The best way to find the settable properties it to poke around trying to change things. If you try to set a Dependent property, then you'll be greeted with an error. Change various properties and see how other properties are automatically updated.
Currently, the model does not simulate any efferent processing and so the effects of parameter changes are all feed-forward. For example, if you change an ihc property, then the stapes velocity will not change, because no acoustic reflex feedback loop is implemented (Prof. Meddis' MAP model does contain this kind of advanced feedback simulation). Pretty much any parameter change will effect the ihc property as it is at the end of the chain.
More than just a plot routine: nerveView
The output of the final stage of the model can easily be viewed using one of any of Matlab's built in visualisation functions. For example ...
pcolor(x.ihc'); shading interp;
However, the output is a little bland and uninformative. Furthermore, if you change one of the model's parameters, then this plot will not update itself. The ethos of SOMA is to update everything automatically, removing the burden of manual housekeeping tasks from the user. The nerveView class was designed to address this need.

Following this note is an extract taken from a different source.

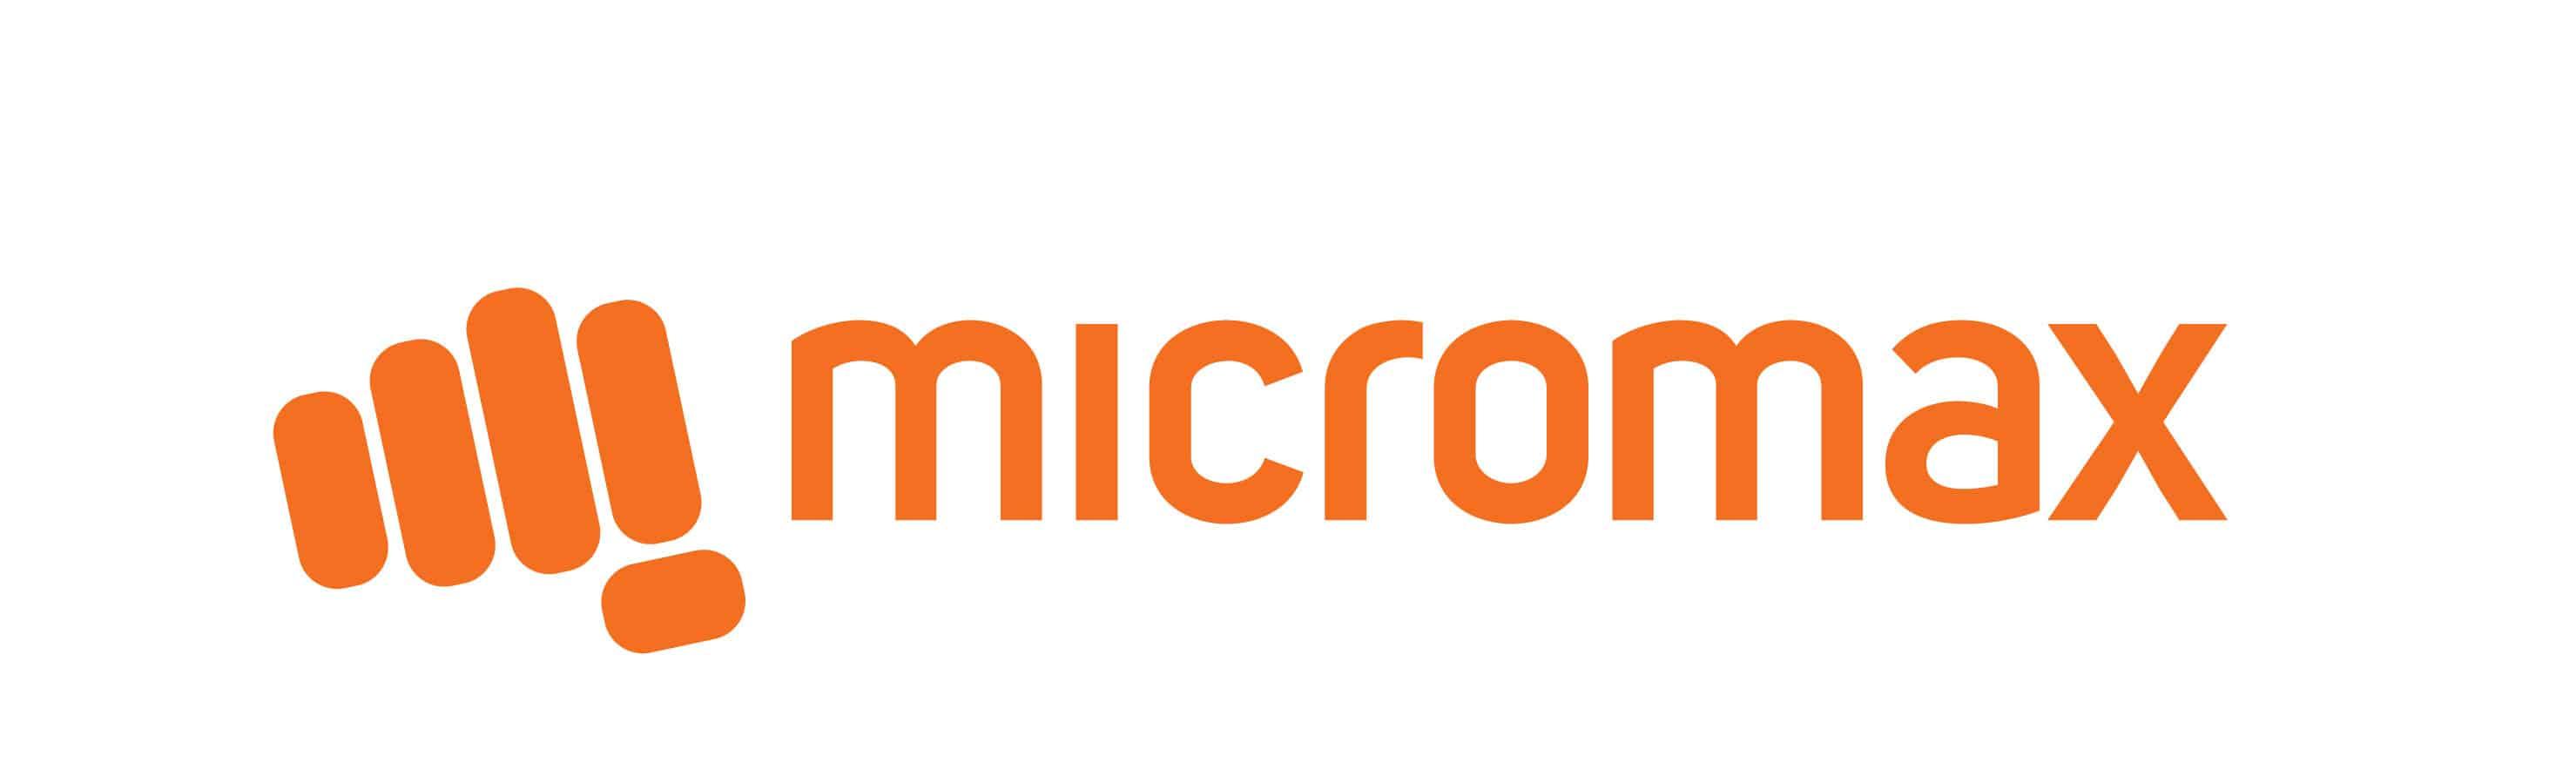 Micromax Mobile Logo Png | www.pixshark.com - Images ...

The nerveView object sits separately on the workspace from the SOMA model, keeping watch over the state of the SOMA model and updating it's graphical properties whenever it detects a change. A nerve view object is created by giving it the handle of the SOMA object to watch as its argument.
y = nerveView(x);
The large panel shows the firing rate probability in each channel over time. The right hand shows the excitation pattern integrated across the stimulus duration. The bottom pattern shows the firing probability integrated across channels, and is useful to see the ringing incurred by the filtering process.

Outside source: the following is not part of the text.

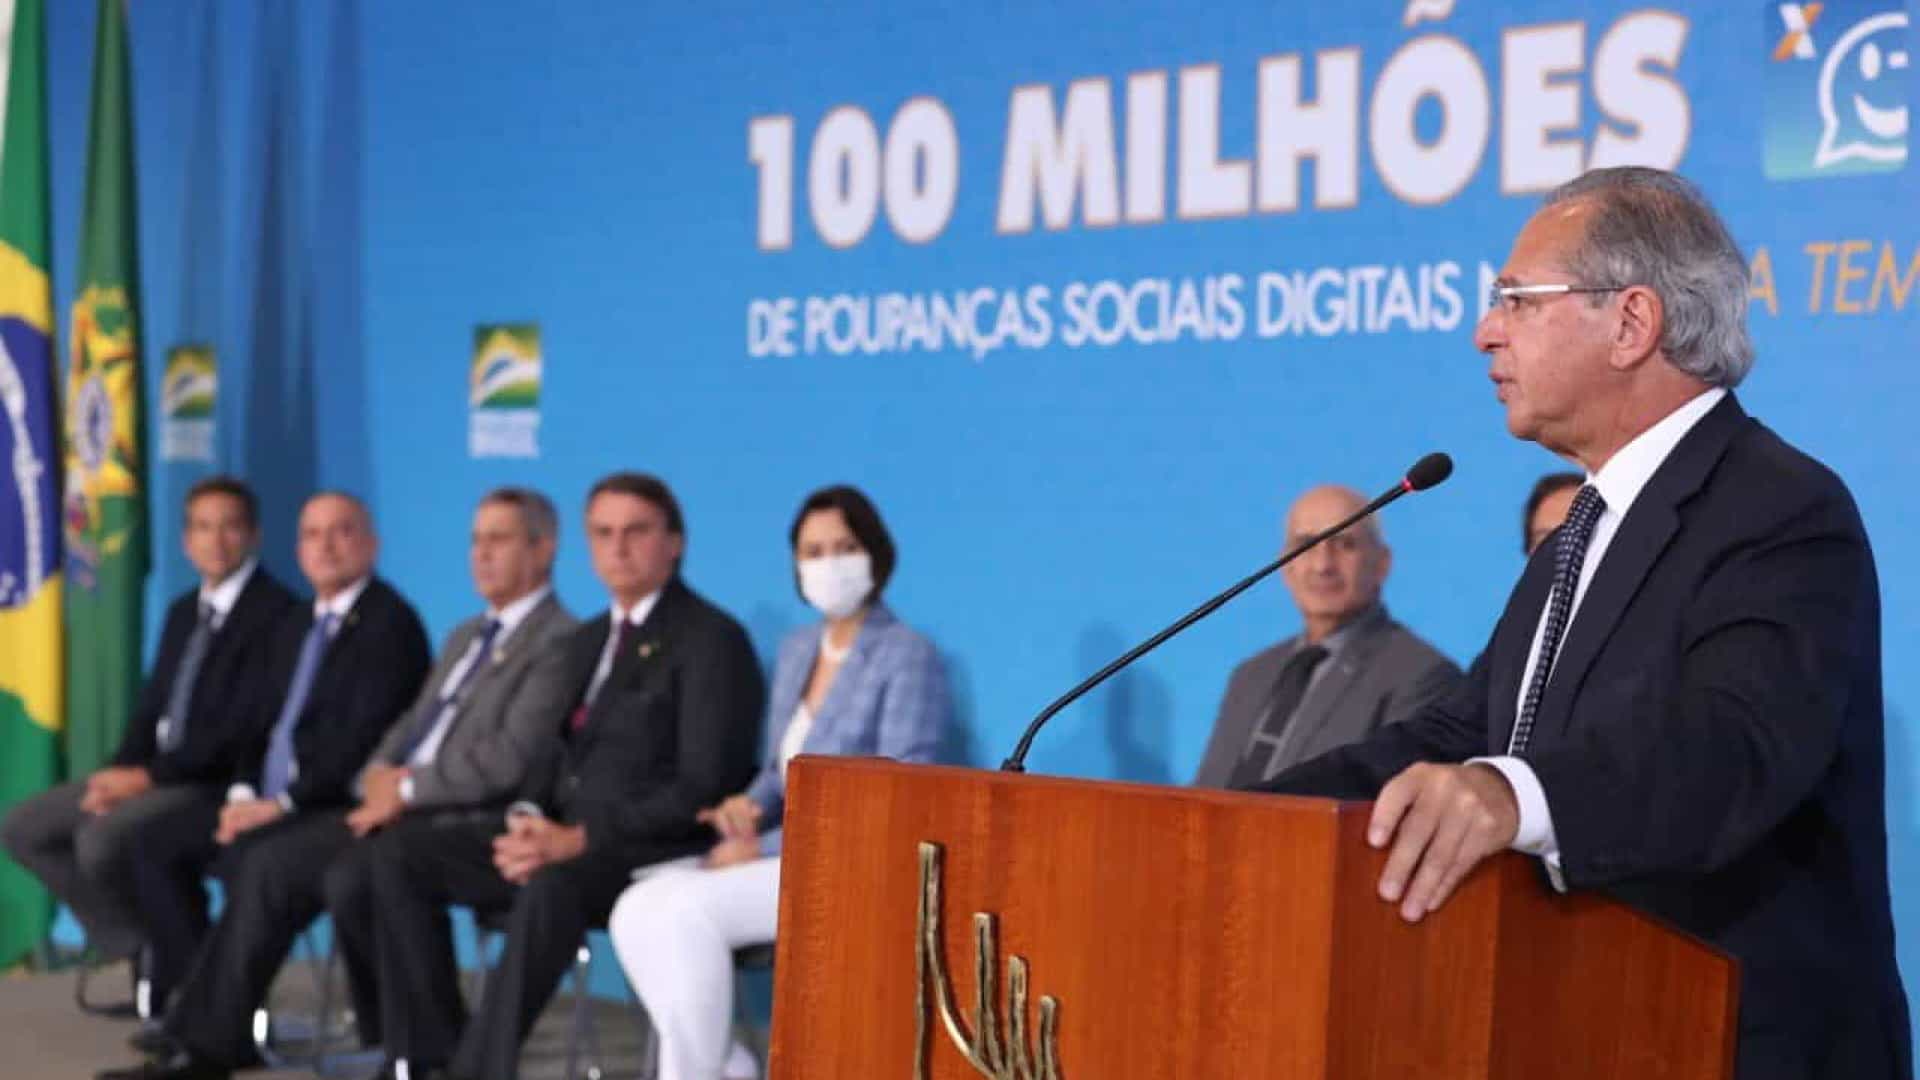 Guedes diz que pandemia da covid-19 está 'cedendo' e economia, voltando

Those preferring the more sedate standard Matlab colour scheme can switch the 'darkTheme' property of the nerveView object to zero or false.
y.darkTheme = false;
The best way to learn SOMA from here is to go wild changing all manner of parameters and seeing their effects automatically updated in the nerveView figure. Docking the nerveView window stops it getting in the way as parameters are changed. For example, the compression could be disabled, the number of channels could be increased and their frequency bounds changed (note: SOMA spaces channels on the ERBn scale by default), and the phase locking limit of the inner haircells could be dramatically decreased to produce the following image. HAVE FUN!
>> x.ihc_cmpType = 'none'; ihc_cmpType change detected. Redrawing. >> x.bmm_fMax = 2000; bmm_fMax change detected. Redrawing. >> x.bmm_nChans = 128; bmm_nChans change detected. Redrawing. >> x.ihc_fCut = 250; ihc_fCut change detected. Redrawing.
The nerveView class can also serve as a template for other interactive analyses. For example, an autocorrelogram could be implemented in a similarly structured class, allowing rapid and intuitive exploration of parameter changes for pitch research or front ends for automatic speech recognition systems.